The third factor is that economic data has been better than expected, not just in the US, but globally. Manufacturing data from China is confirming that an economic hard landing has been avoided and there are also positive signs from the US financial services sector.

Even given that positive momentum, the question now is whether the equity rally will be sustained or fade.

“For the year as a whole, we would expect equity markets to continue to advance and to outperform bonds, with the best performance likely coming in emerging markets. However, we expect the current pace of gains to slow, if not immediately, then probably by February,” Koesterich said.

There are several reasons to be at least somewhat more cautious in the near term. He expects further headwinds from the continued “dysfunction” in Washington as lawmakers wrestle with the debt ceiling, scheduled spending cuts and the need for continuing budget resolutions.

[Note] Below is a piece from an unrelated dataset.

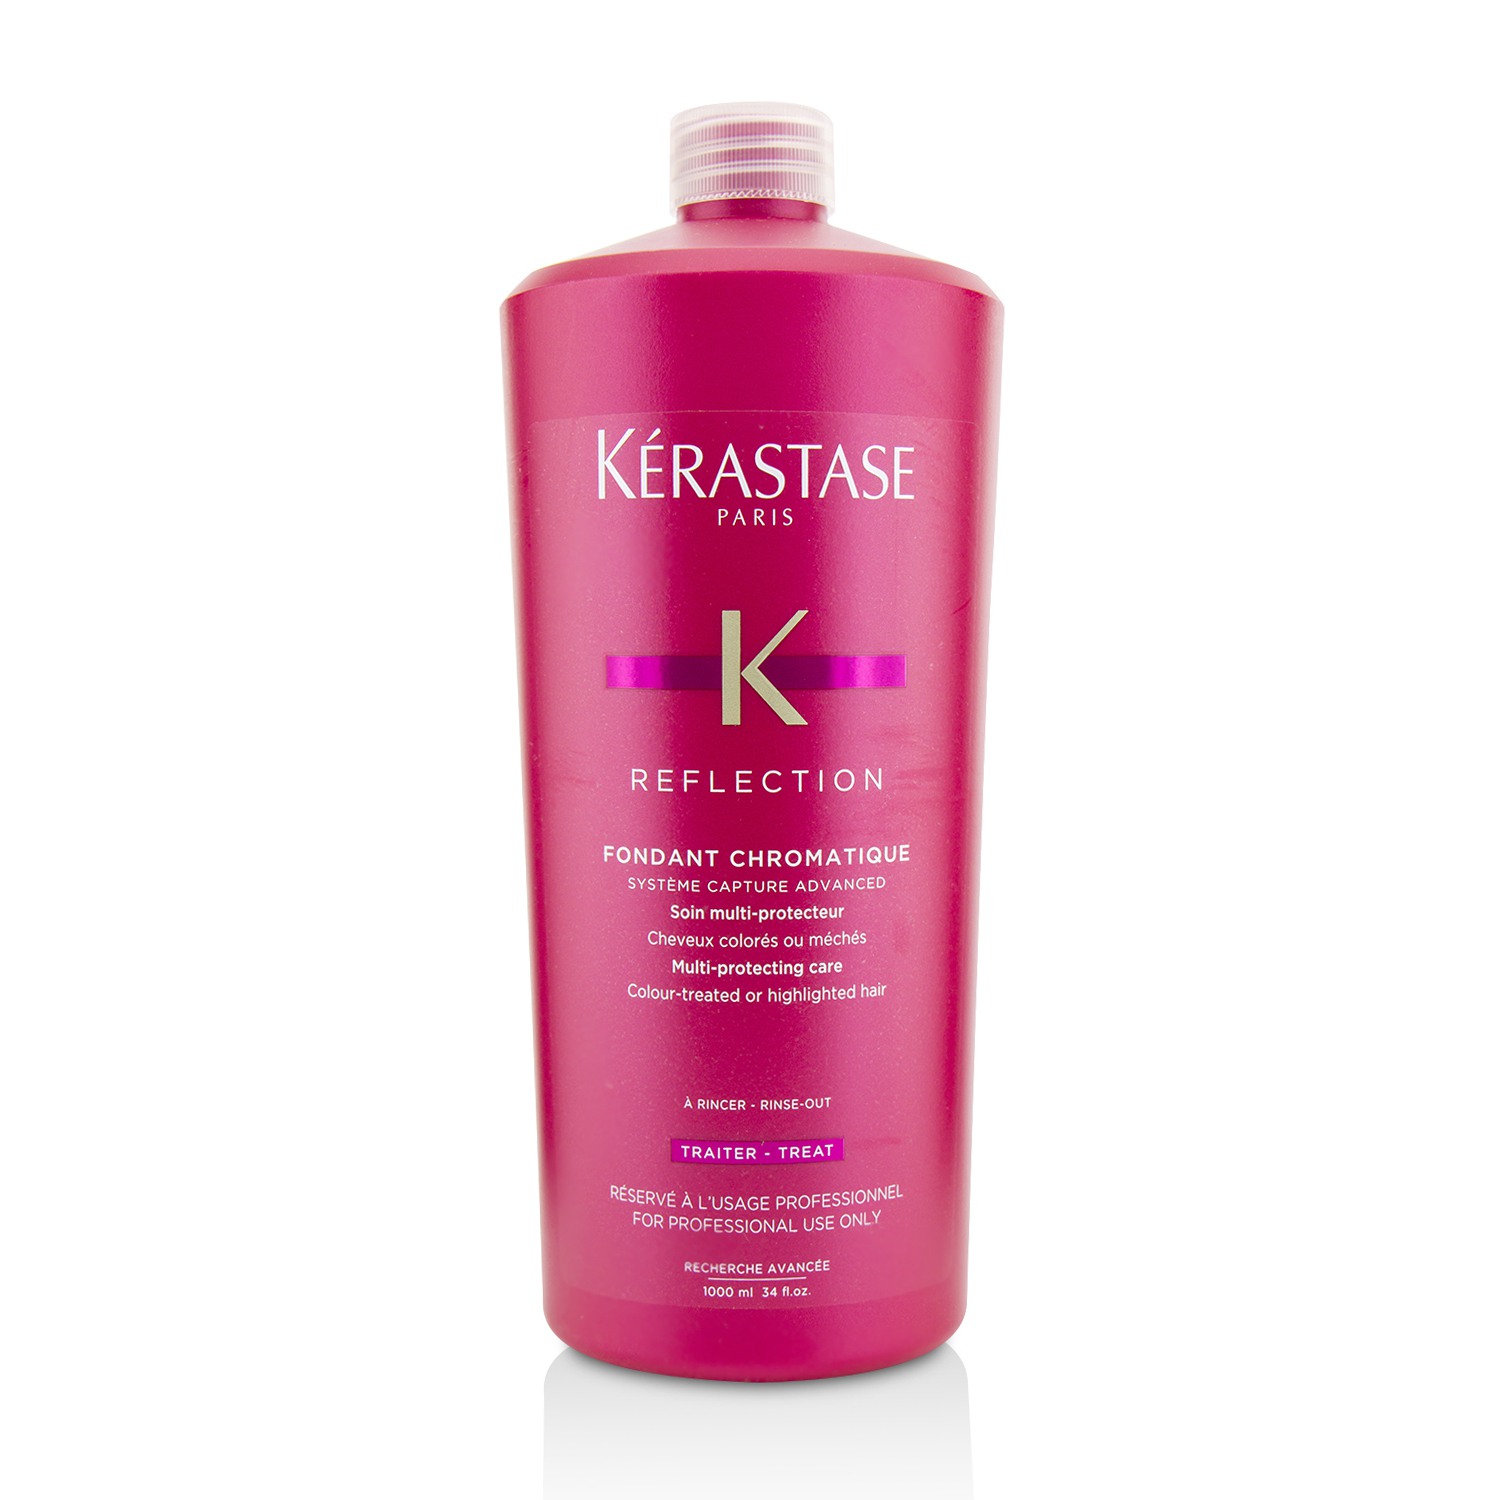 Reflection Fondant Chromatique Multi-Protecting Care (Colour-Treated or Highlighted Hair) Kerastase Image

Not only are the odds of some sort of “grand bargain” diminishing, but the current bickering raises the possibility of another last-minute showdown and a potential debt downgrade.”

There is also political risk coming out of Europe, with Italian elections coming up in February. Should the election fail to produce a clear result, or should the voters choose a less market-friendly government than the one currently headed by prime minister Mario Monti, markets would likely react negatively, he added. “…Although these risks are clearly evident, investors seem to be overly complacent.”

One way this can be measured is by looking at market volatility. The VIX Index fell last week to its lowest level since June 2007.

To us, this suggests that there is not much bad news priced into market right now, meaning that any negative shock would have the potential to drive markets lower. The bottom line is that while we think stocks are reasonably valued (particularly outside the United States), we would expect tougher going as we head into February.”